Lab of Beef Processing and Quality Control, College of Food Science and Engineering, Shandong Agricultural University, Tai'an, Shandong 271018, PR China; National R&D Center for Beef Processing Technology, Tai'an, Shandong 271018, PR China; International Joint Research Lab (China and Greece) of Digital Transformation as an Enabler for Food Safety and Sustainability, Tai'an, Shandong 271018, China.
Lab of Beef Processing and Quality Control, College of Food Science and Engineering, Shandong Agricultural University, Tai'an, Shandong 271018, PR China; National R&D Center for Beef Processing Technology, Tai'an, Shandong 271018, PR China; International Joint Research Lab (China and Greece) of Digital Transformation as an Enabler for Food Safety and Sustainability, Tai'an, Shandong 271018, China; Canberra, Australian Capital Territory, 2903, Australia.

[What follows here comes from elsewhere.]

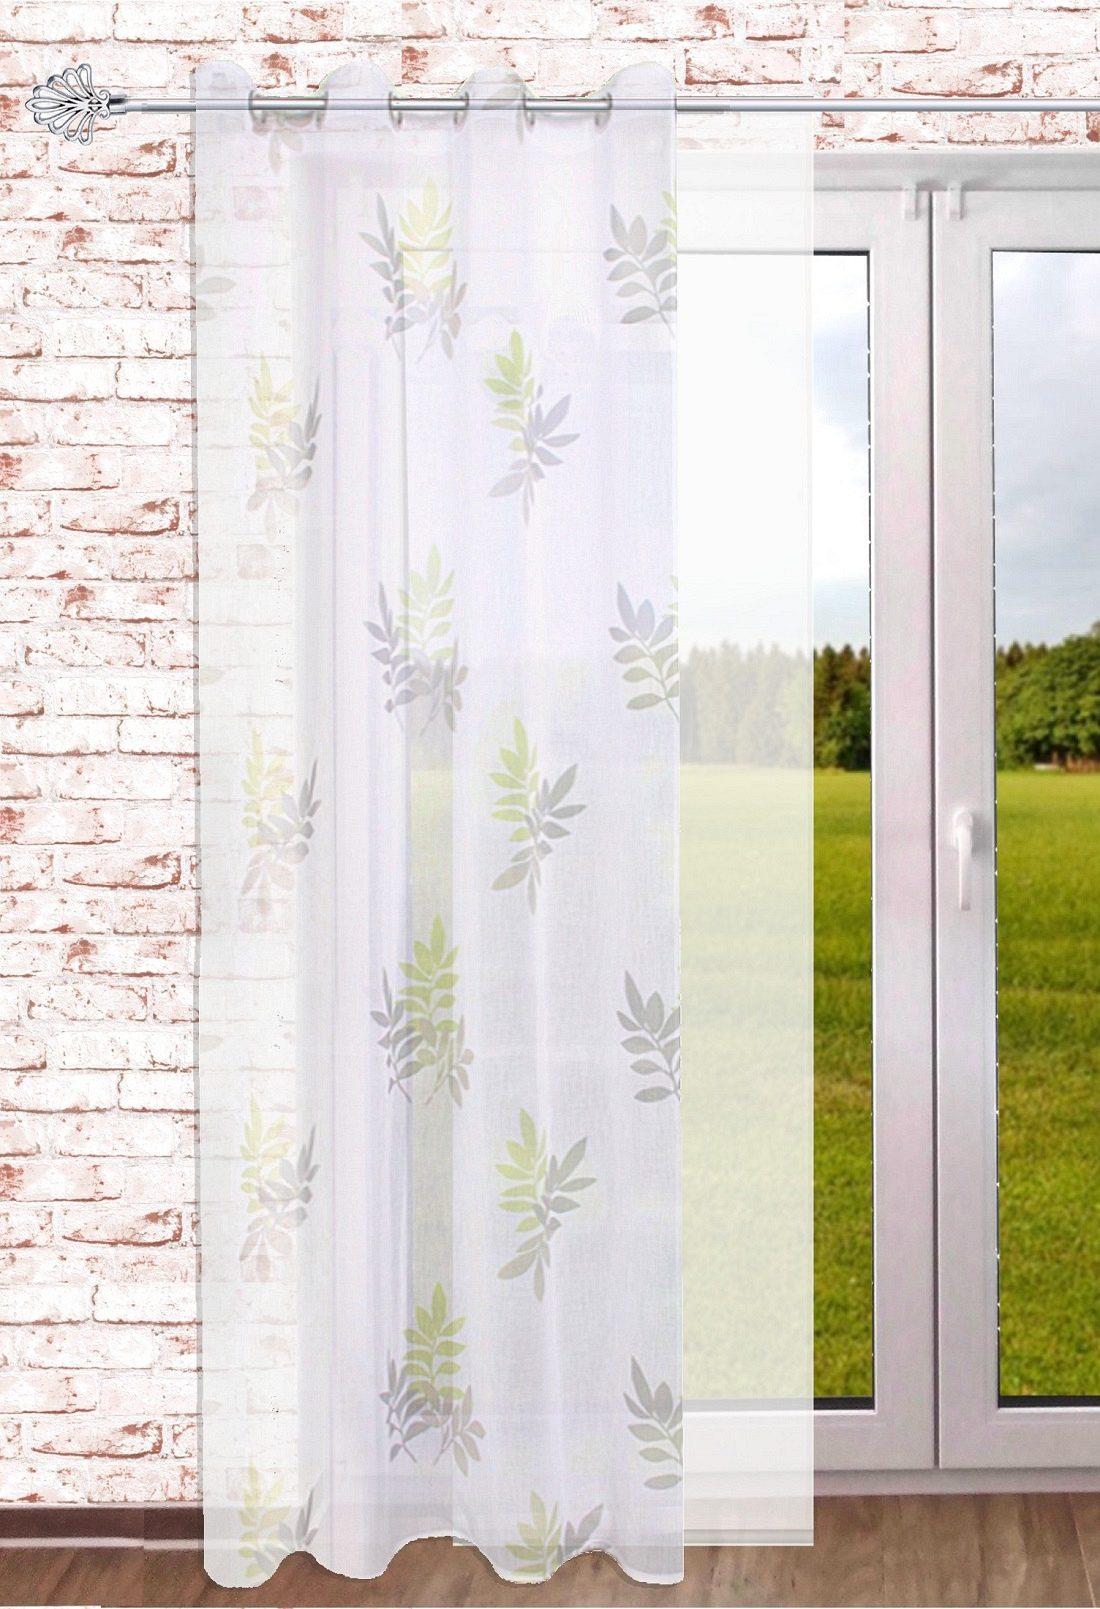 gardinen welt online shop transparenter senschal blatt 140 x 245 cm gardinenschal mit sen. Black Bedroom Furniture Sets. Home Design Ideas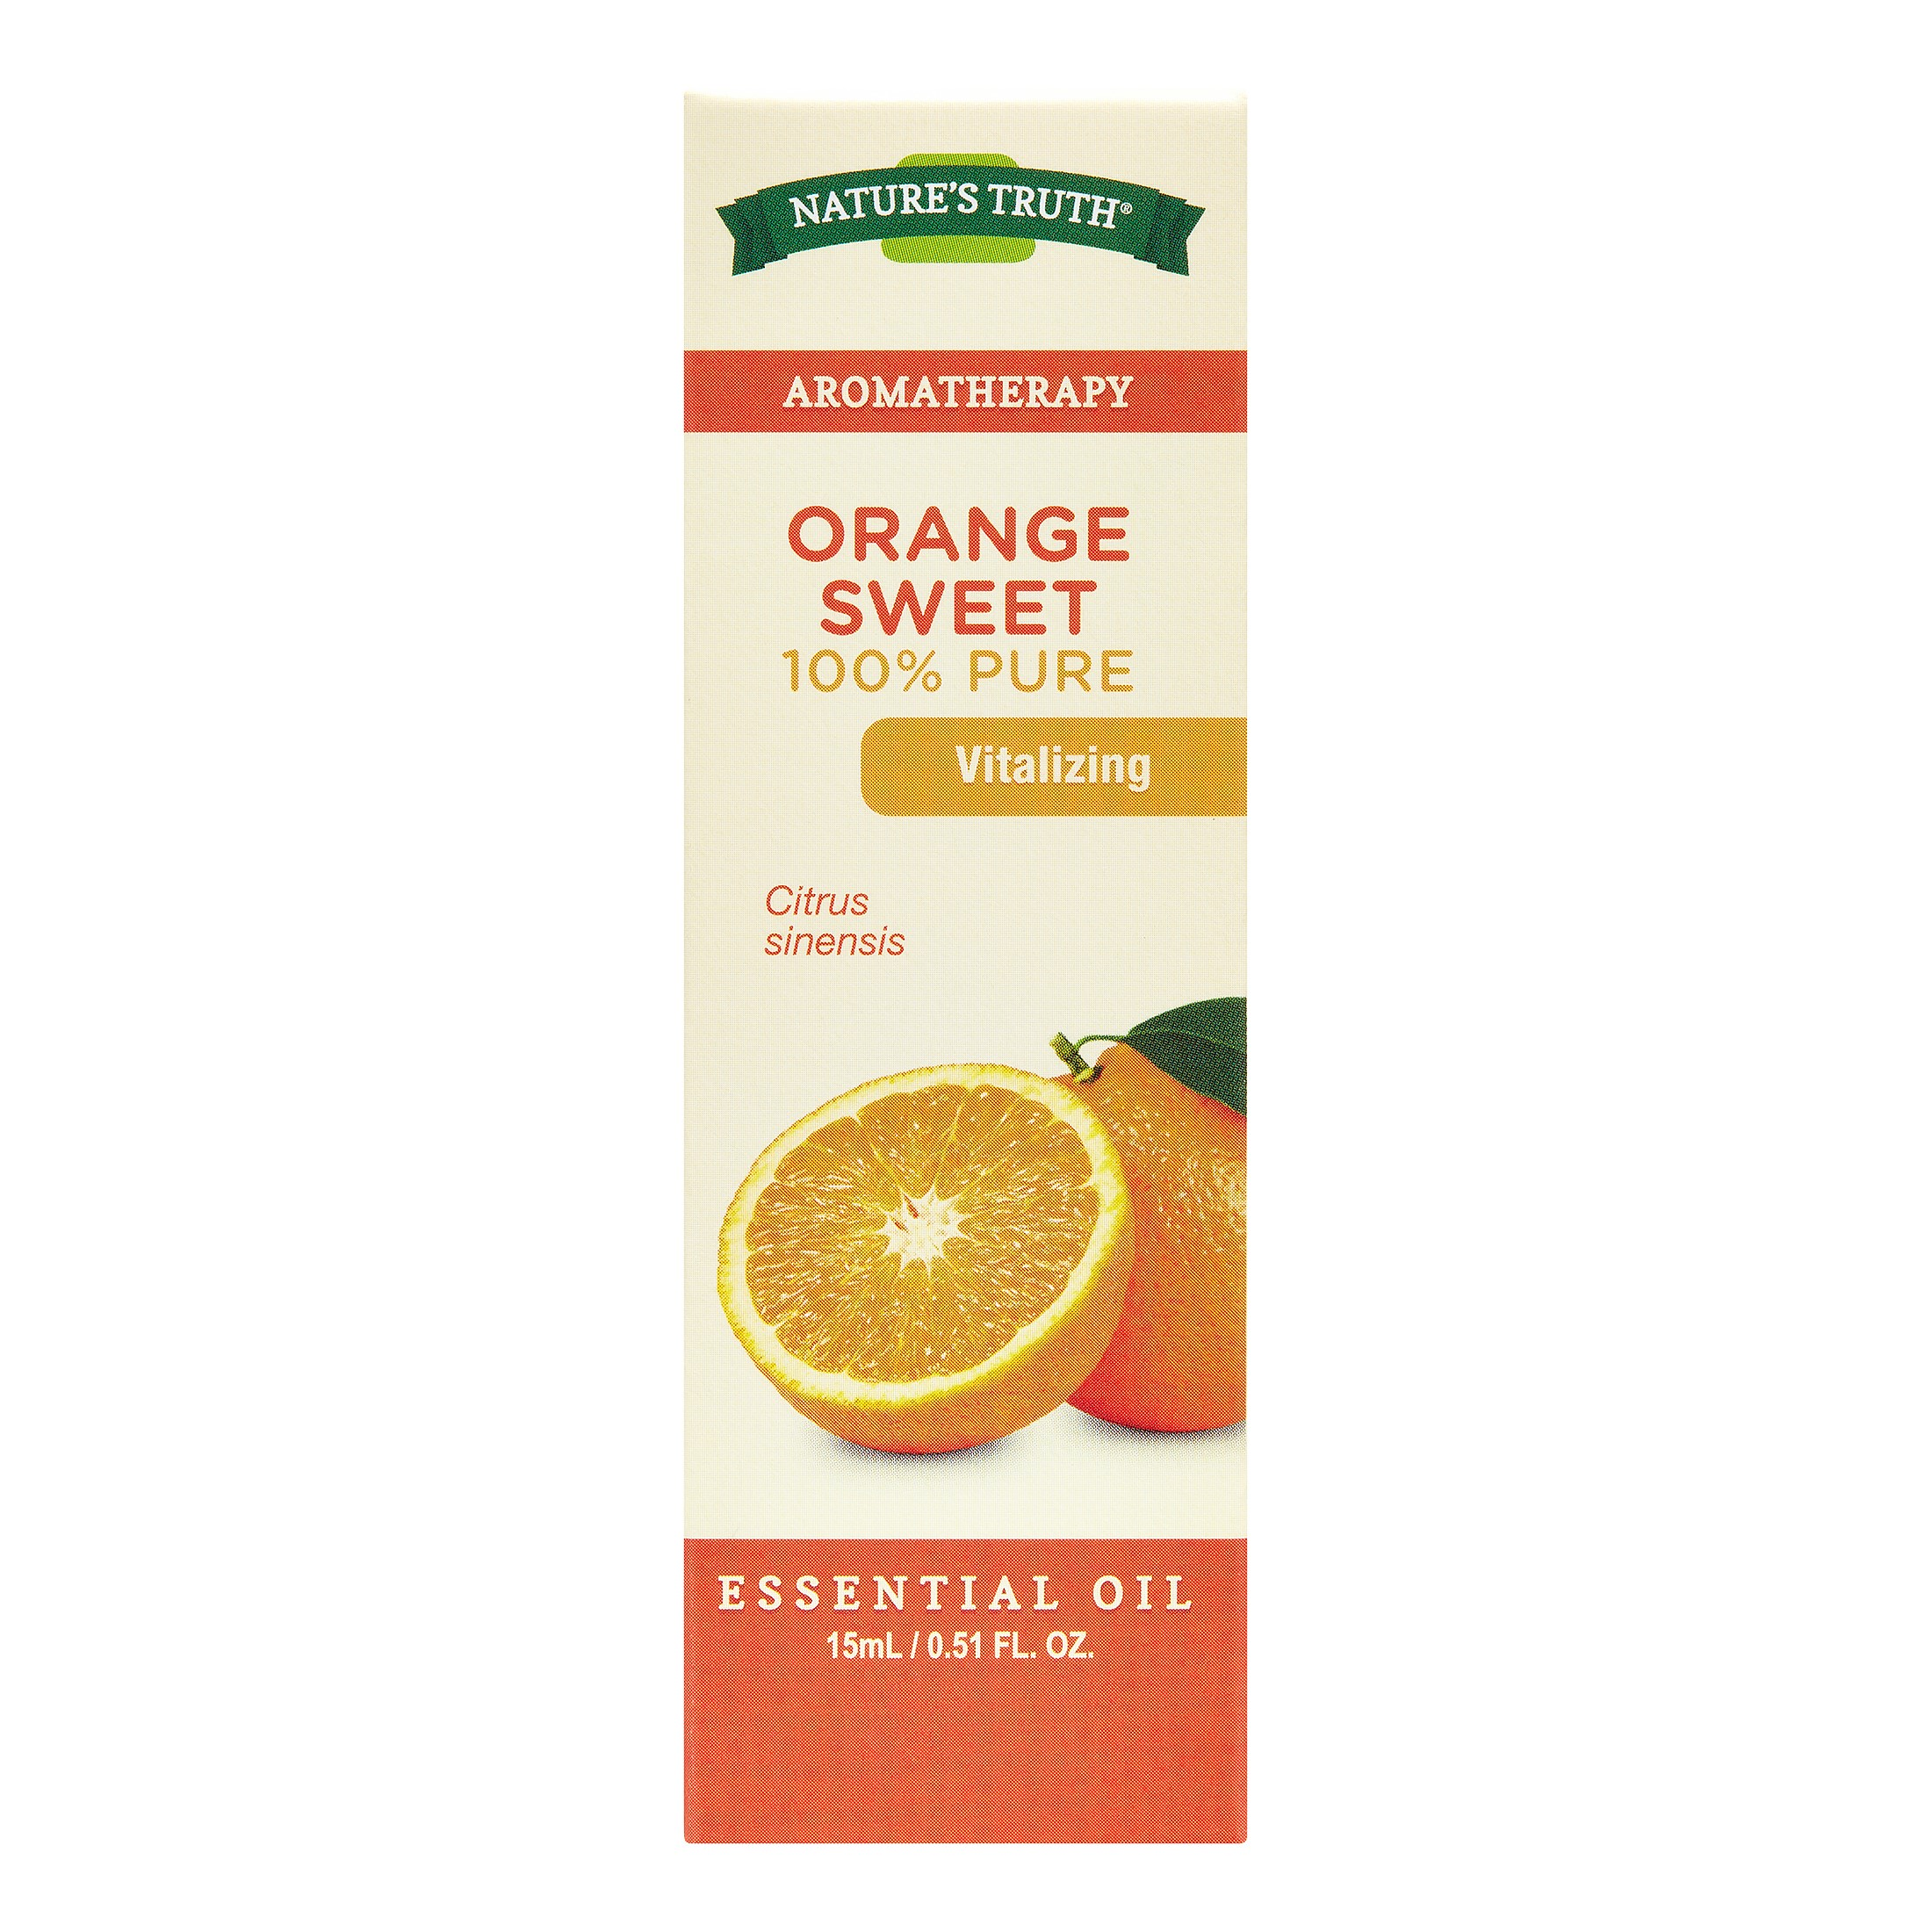 Nature's Truth Aromatherapy Orange Sweet Essential Oil, 0.51 Fl Oz

Meat Sci. 2024 Sep;215:109540. doi: 10.1016/j.meatsci.2024.109540. Epub 2024 May 16.
In order to explore the effect of sub-freezing storage on water holding capacity and tenderness of beef, four treatments were compared in this study: sub-freezing (-7 °C) fast sub-freezing (-38 °C until the core temperature achieved to -7 °C), superchilling (-1 °C) and fast frozen (-38 °C until the core temperature achieved to -18 °C) with the latter two treatments serving as the controls. The differences in muscle fiber structure, water distribution, protein oxidation and cytoskeletal protein degradation were studied. The results demonstrated that compared with other treatments, the fast sub-freezing treatment resulted in less structural damage to the muscle fibers and had better water holding capacity. Both sub-freezing and fast sub-freezing treatments inhibited protein oxidation compared with superchilling, but the former treatment's level of protein oxidation was higher than that in fast sub-freezing treatment during long-term storage (42 weeks). In addition, the structural proteins in the sub-freezing and fast sub-freezing treatments underwent faster degradation during long-term storage and therefore the meat was more tender compared with the fast frozen treatment. The results indicate that the fast sub-freezing treatment can be potentially applied in beef storage.
为了探究亚低温贮藏对牛肉持水力和嫩度的影响,本研究比较了 4 种处理方式:亚低温(-7℃)快速亚低温(-38℃直至中心温度达到-7℃)、超低温(-1℃)和速冻(-38℃直至中心温度达到-18℃),后两种处理方式为对照组。研究了肌肉纤维结构、水分分布、蛋白质氧化和细胞骨架蛋白降解的差异。结果表明,与其他处理方式相比,快速亚低温处理对肌肉纤维的结构损伤较小,持水力较好。与超低温处理相比,亚低温和快速亚低温处理均抑制了蛋白质氧化,但在长期储存(42 周)过程中,前者的蛋白质氧化水平高于后者。此外,在长期储存过程中,亚低温和快速亚低温处理的结构蛋白降解速度更快,因此与快速冷冻处理相比,肉更嫩。结果表明,快速亚低温处理可应用于牛肉贮藏。